Many who fled before a US assault in November to drive out rebels are growing frustrated as they wait in tent camps to go home. They left more than six weeks ago with little more than their clothes and temperatures at night are now freezing.

Major Naomi Hawkins, a civil affairs officer dealing with the returnees, said on Sunday it would be a while longer before they go home.

"From now it is 7-10 days, but the plan is based on the security situation in the city," Hawkins said, with fighting continuing in several areas of the city.

The refugees say they had nothing to do with the guerrillas who made Falluja a base, and they have grown angry with the Americans and increasingly militant about the delay.
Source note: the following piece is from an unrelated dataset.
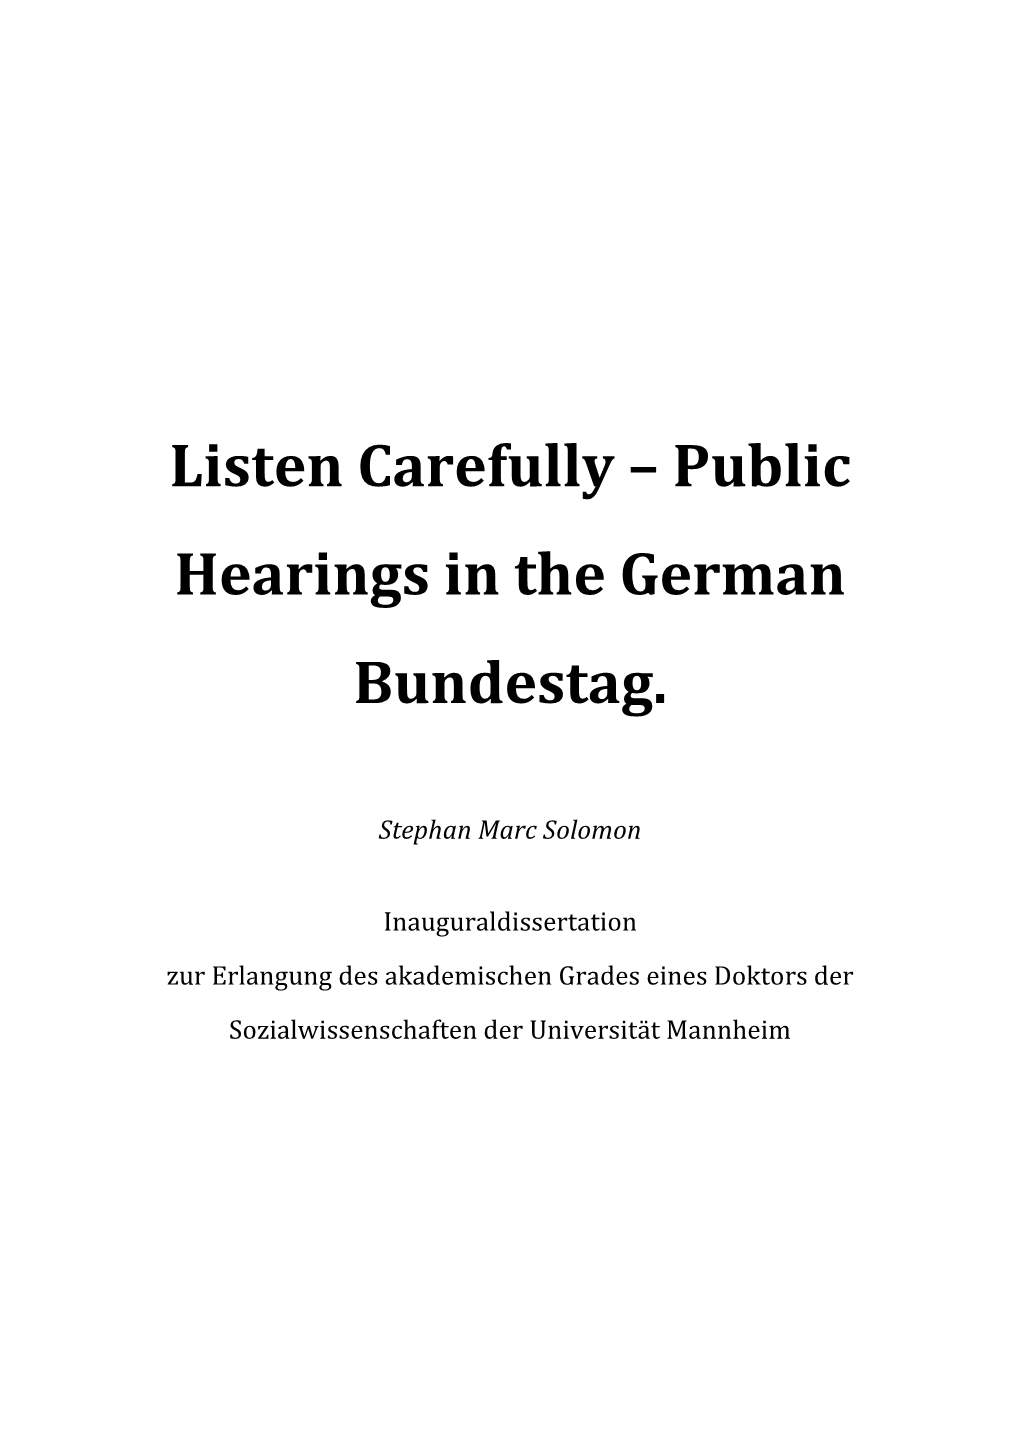 Listen Carefully – Public Hearings in the German Bundestag

Some people have demonstrated, demanding to return immediately.

Election ballot down to lottery

Spinning a big perspex drum filled with balls, not unlike a national lottery, Iraq's Electoral Commission determined yesterday where competing parties will rank on the ballot paper for the January 30 election.

More than 200 parties, blocs and individuals have signed up to contest the poll - around 7,700 candidates in all - and the order they appear on the ballot sheet, which could be many pages thick, will be determined by chance.

United Nations envoy to Iraq, Ashraf Qazi, pulled the first balls from the drum, as hundreds of candidates looked on expectantly, in a process designed for maximum transparency in the country's first democratic election in nearly 50 years.

"Today is a great day in the history of your great nation," Qazi told a crowd gathered in a room at a conference centre that used to be part of Saddam Hussein's presidential complex.

"It is truly in the interests of every Iraqi citizen, whatever their political views, to participate in this electoral process. It is the only way forward.

Iraq is being treated as a single electoral district. Registered voters will choose either an individual, party or coalition list of candidates, and seats in the 275-seat national assembly will be distributed by proportional representation.

The system, chosen with United Nations help, is designed to encourage the formation of alliances and coalitions that try to appeal across Iraq's spread of ethnic and religious groups.